I am ashamed to associate myself with the total chick lit crap I’m writing for Nanowrimo but I was persuaded to be brave by this woman who boldly posted her own Nano opening for all to see and kinda dared me to do the same.
Disclaimer: I wouldn’t read it myself.
But anyhow I keep telling myself it’s purely an exercise in getting words on a page. My short story I wrote for a competition recently is (IMO) of a much higher calibre but I can’t publish that anywhere until after the judging according to the rules so…

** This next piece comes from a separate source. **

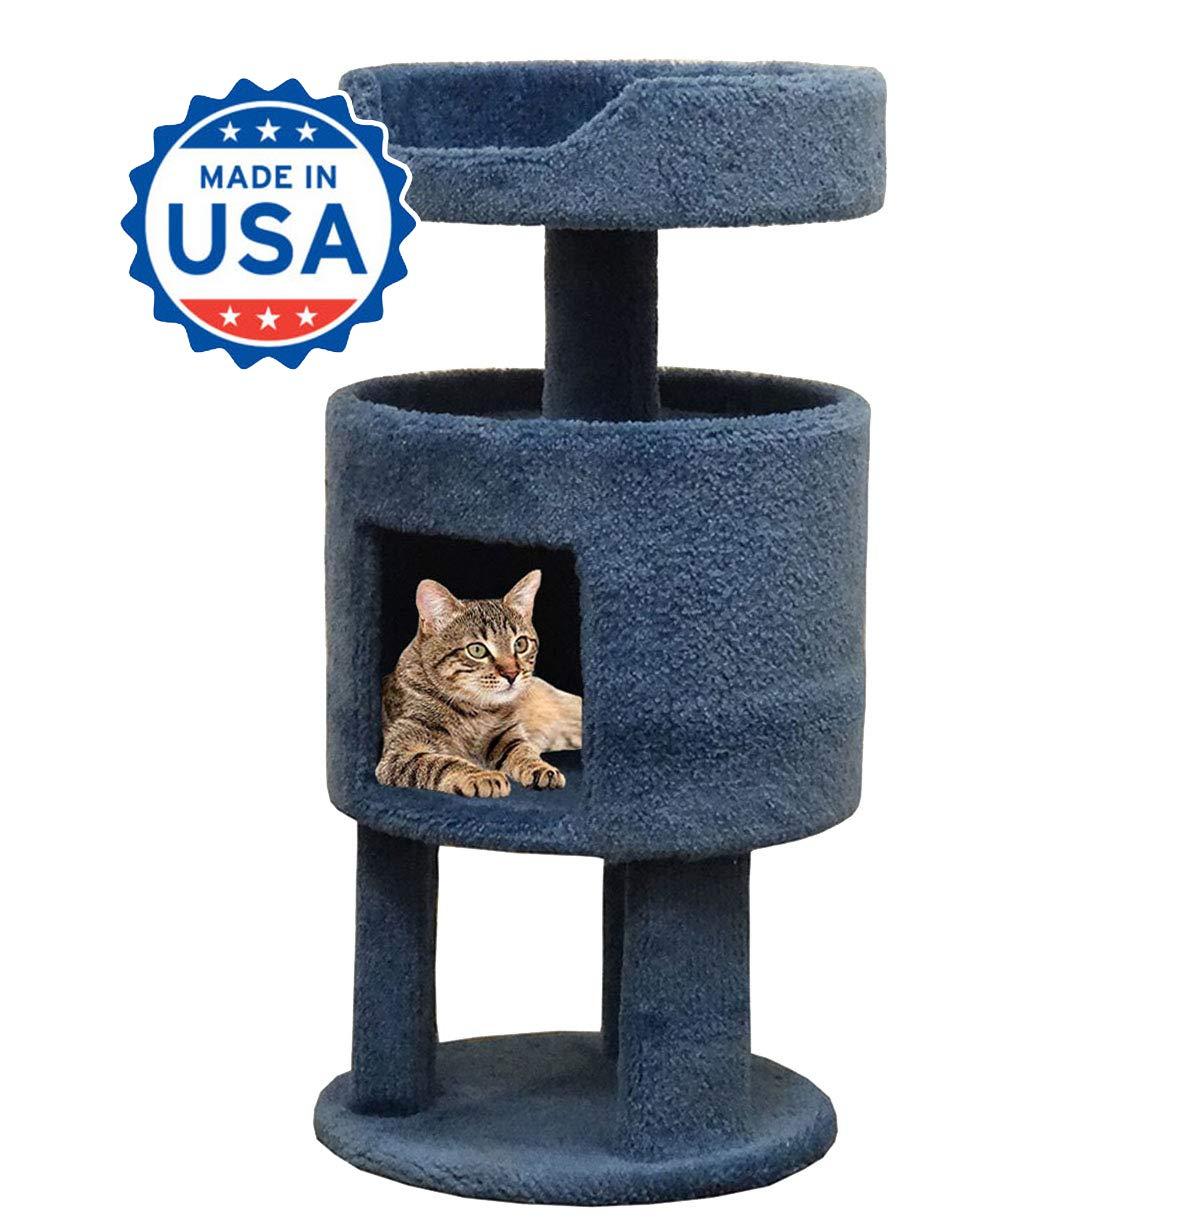 Wood Kitty Condo Carpet Cat Perch, Blue Carpet by CozyCatFurniture

Here’s the start of Chapter 2
Greg should have known the blonde in the 4×4 couldn’t handle the thing properly – even on an open road with signposts to her destination every frikken 5 metres before she got there he’d still nearly driven up her ass. The glimpse he’d gotten of her in her wing mirror as he’d approached her from behind gave him the fleeting impression of a petite chick with messy golden curls who looked like she would be better suited to a safer vehicle in a suburban town than bowling down Route 62 on a scorching summer day in a boxy Landrover. As he sped away from the scene of the almost-crash and flung her a rude sign to let her know what he thought about her driving skills he continued to watch in the review mirror and saw her clambering out of the car. Good heavens she was the size of a child. How could her legs ever reach the pedals? She was a total menace to other drivers. Especially ones who drove sleek machines of beauty like his own Maserati. He smiled and stroked the steering wheel, his mood lifting as he forgot about Blondie and the close call. He’d made good time from Hermanus and should be at his sister’s small holding within another 5 or 10 minutes. He groaned at the thought. Weddings were not really his thing. In his younger days he’d enjoyed making out with a bridesmaid or three at his friends’ weddings, but he was jaded now. At the ripe age of 35 he’d seen too many divorces coming out of those youngster’s weddings, his friends discussed daddy-weekends and griped about maintenance payments and the whole wedding thing seemed a bad joke played by cupid who blinded young fools to their lovers’ faults just long enough for them to get hitched and then whipped off the blindfold and flew away laughing.
But this was a family affair – his sister, his baby sister had, at 29, met a man she wanted to spend her life with and it fell to him to give her away. What with their dad having died last year from a heart attack. He couldn’t let Laurie down – or Mum for that matter. Although his colleagues and all but his closest friend Thabo found Greg to be abrupt to the point of rude, impatient and marked with a streak of chauvinism – not uncommon among South African men – when he was with his sister she brought out the usually hidden softer side. They were genuinely close and could laugh, talk, hell, he’d even cried on her shoulder more than once. He’d do pretty much anything for her.
For better or worse, he thought with a grim smile, he would go through with the ordeal and do it with good grace.
If it killed him.
PS I love the nifty Nano widget showing my word count that I added to this blog last night (see the RHS of this page). Cute innit?